● **What is being asked**
Note the line containing "Don’t wish for a healthy body, work for it"; from it through the last line below, give only those lines again, exactly, both ends included, skipping pictures.

● **Collected material**
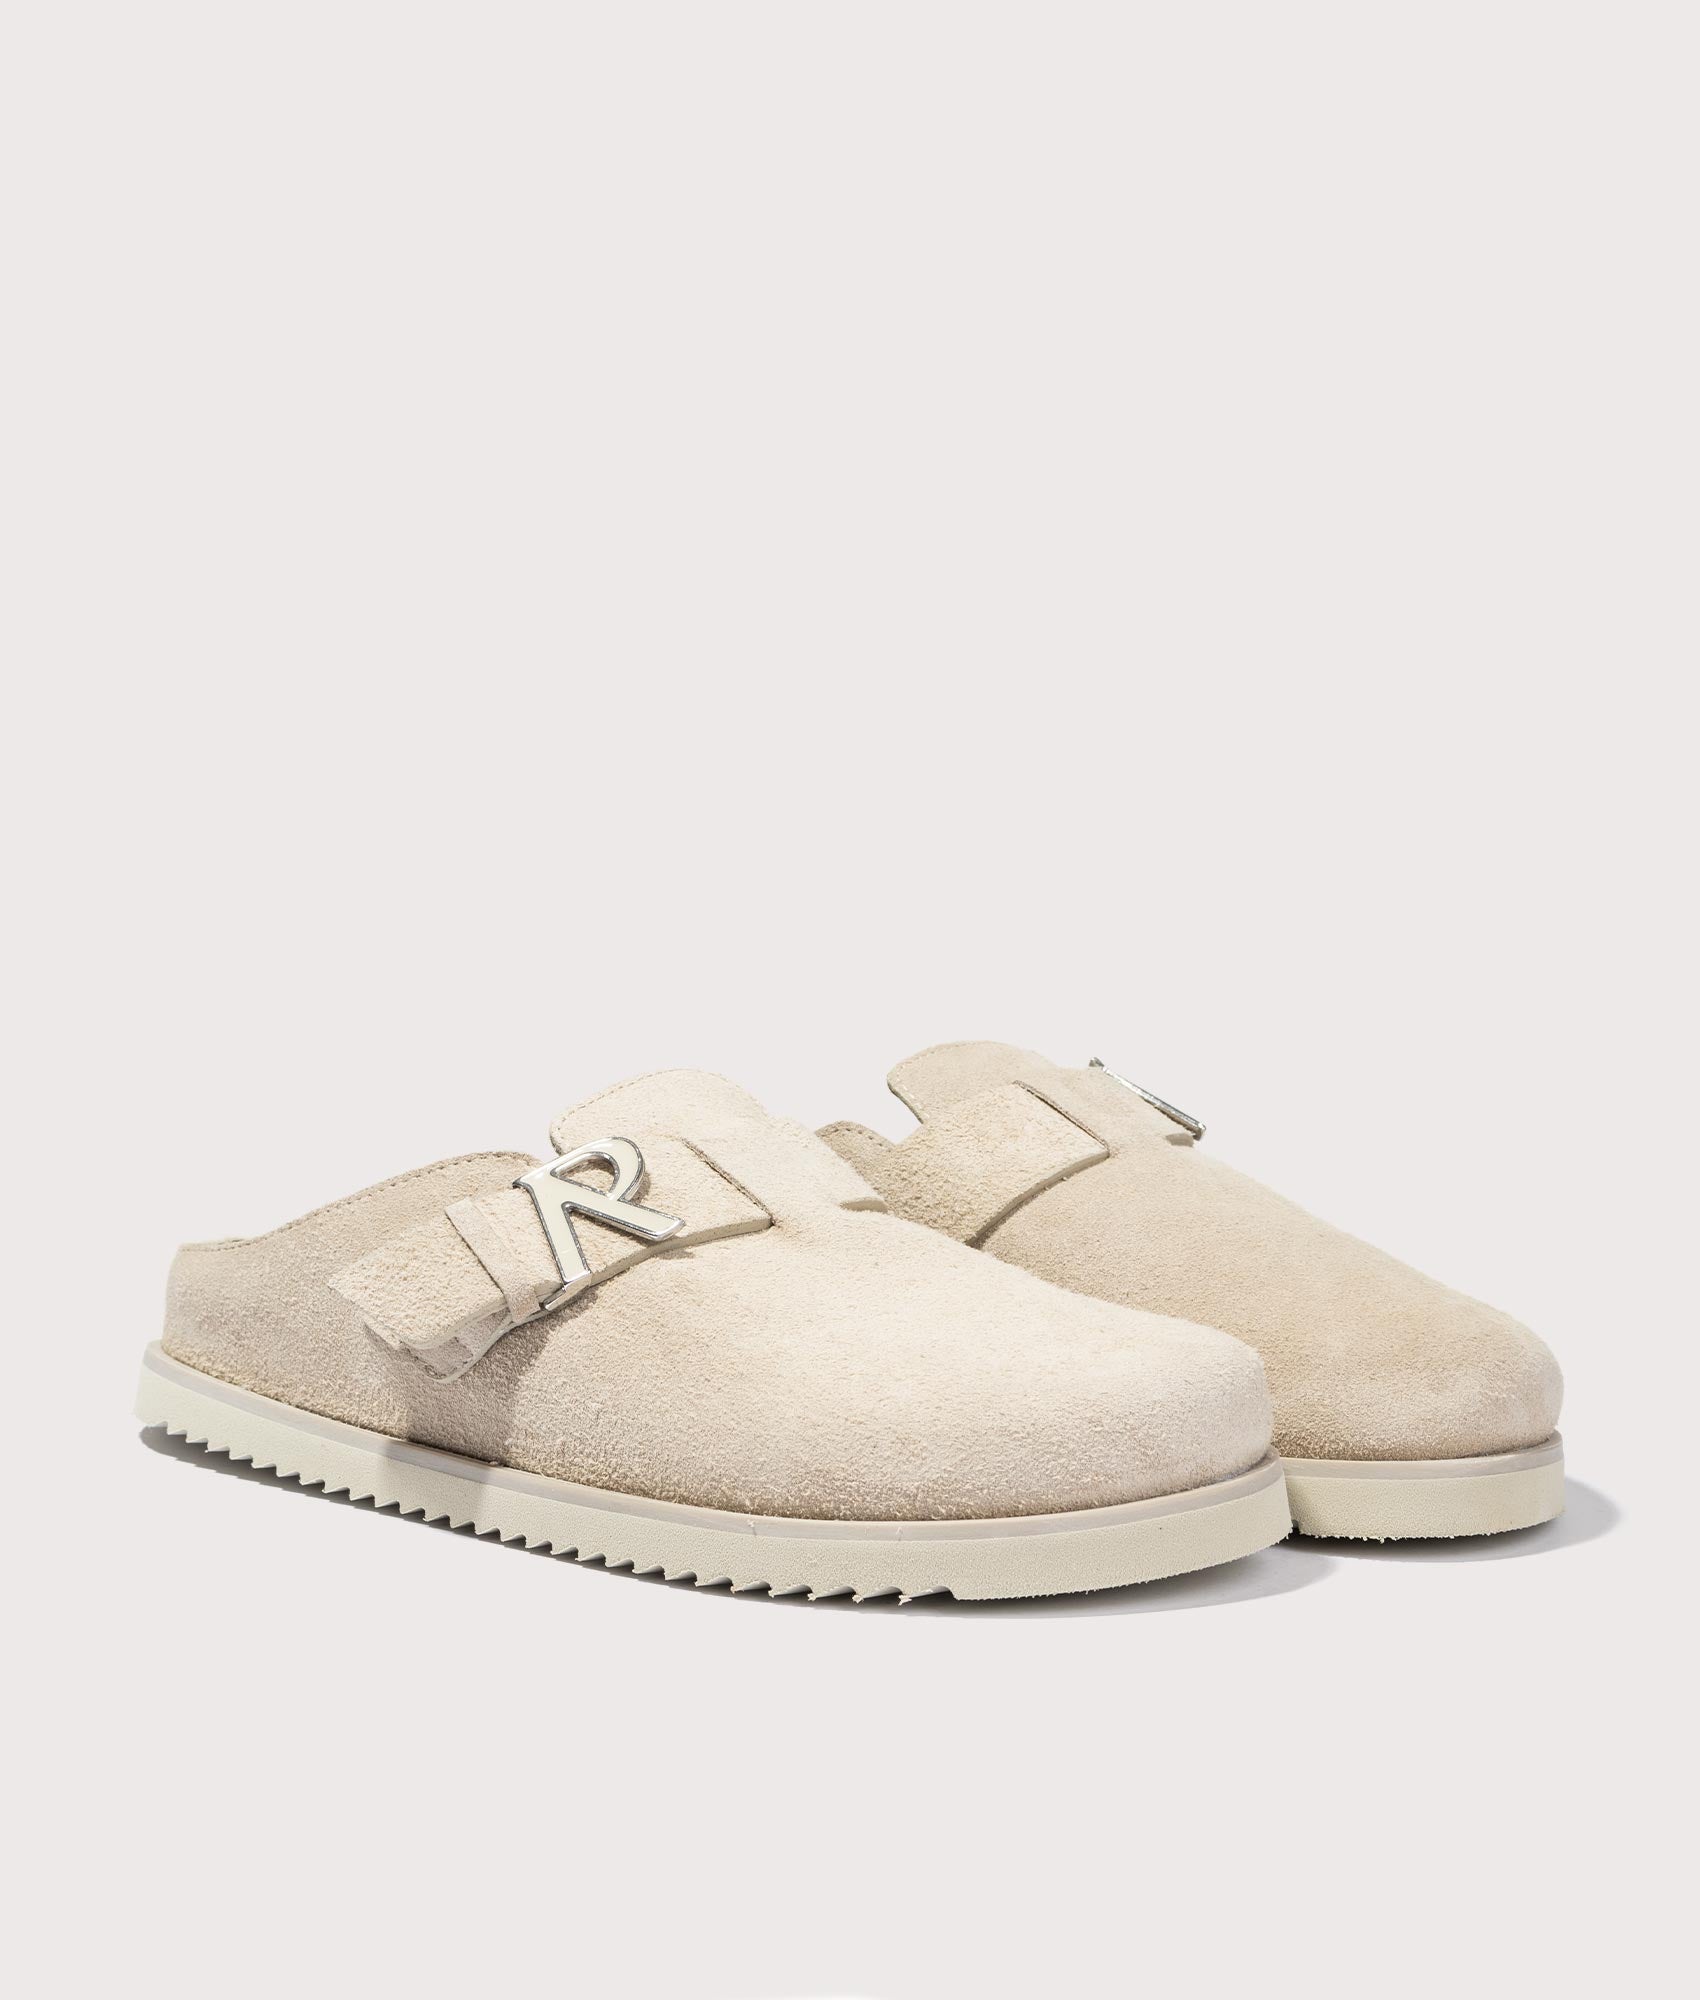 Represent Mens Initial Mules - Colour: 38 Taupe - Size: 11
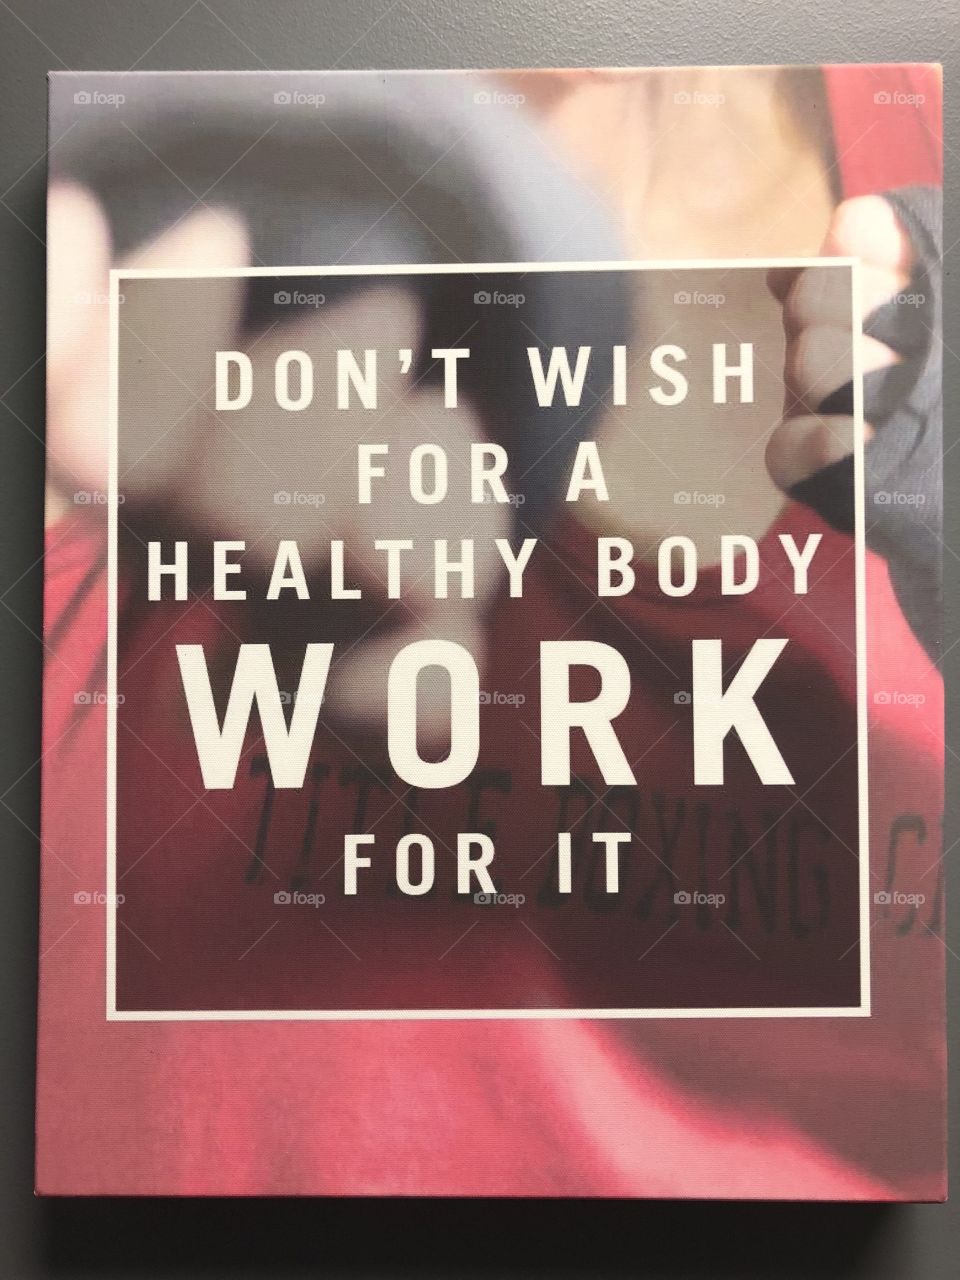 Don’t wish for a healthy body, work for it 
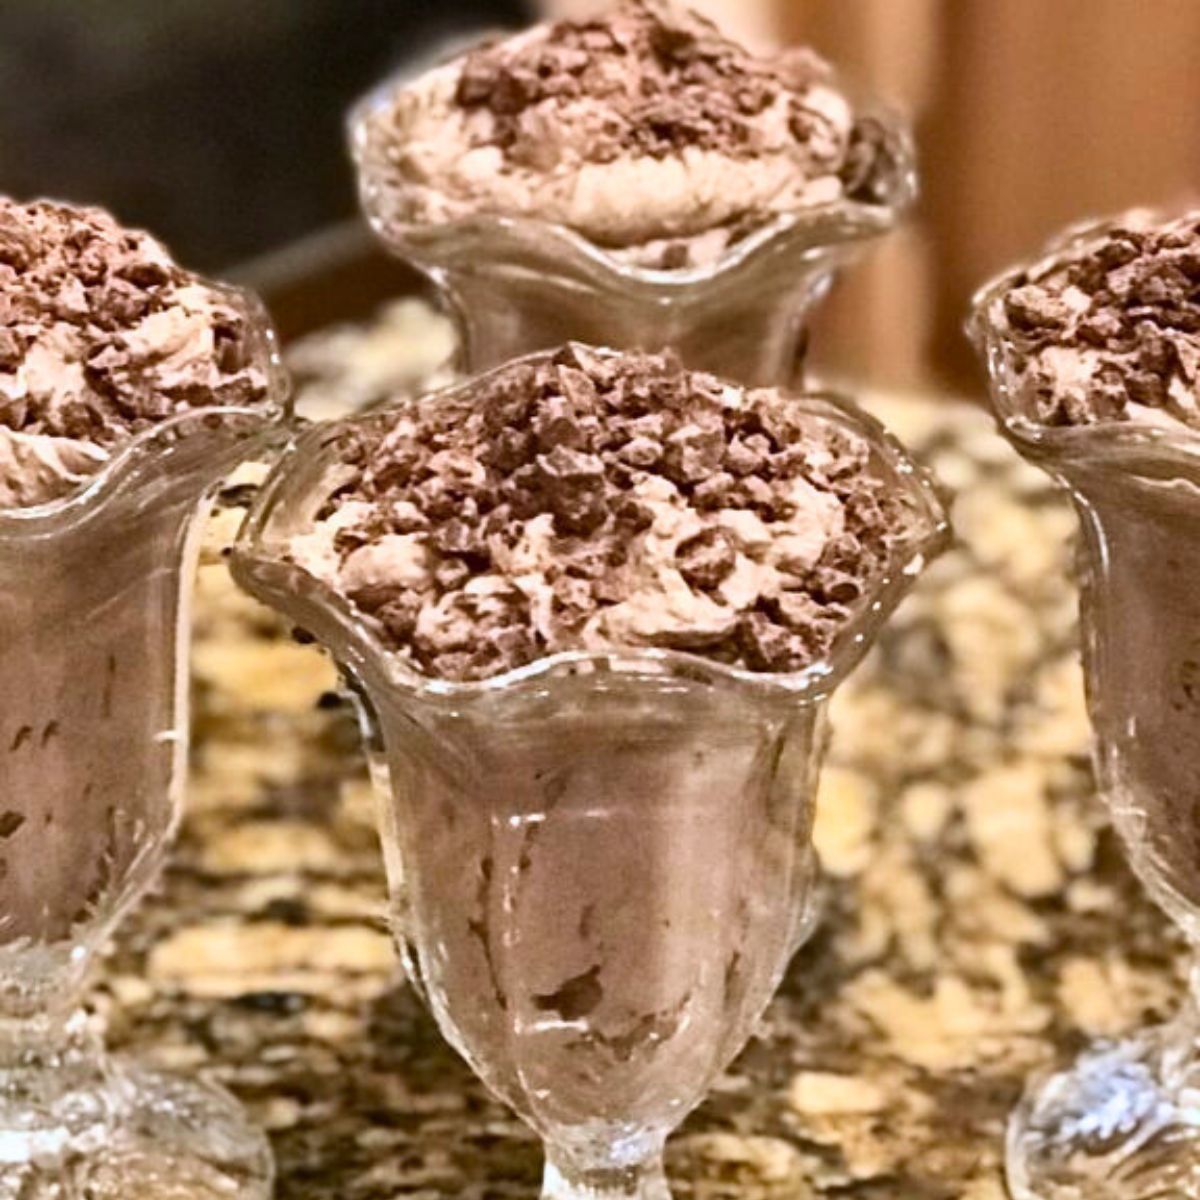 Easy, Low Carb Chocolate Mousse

● **Result**
 Don’t wish for a healthy body, work for it 
 Easy, Low Carb Chocolate Mousse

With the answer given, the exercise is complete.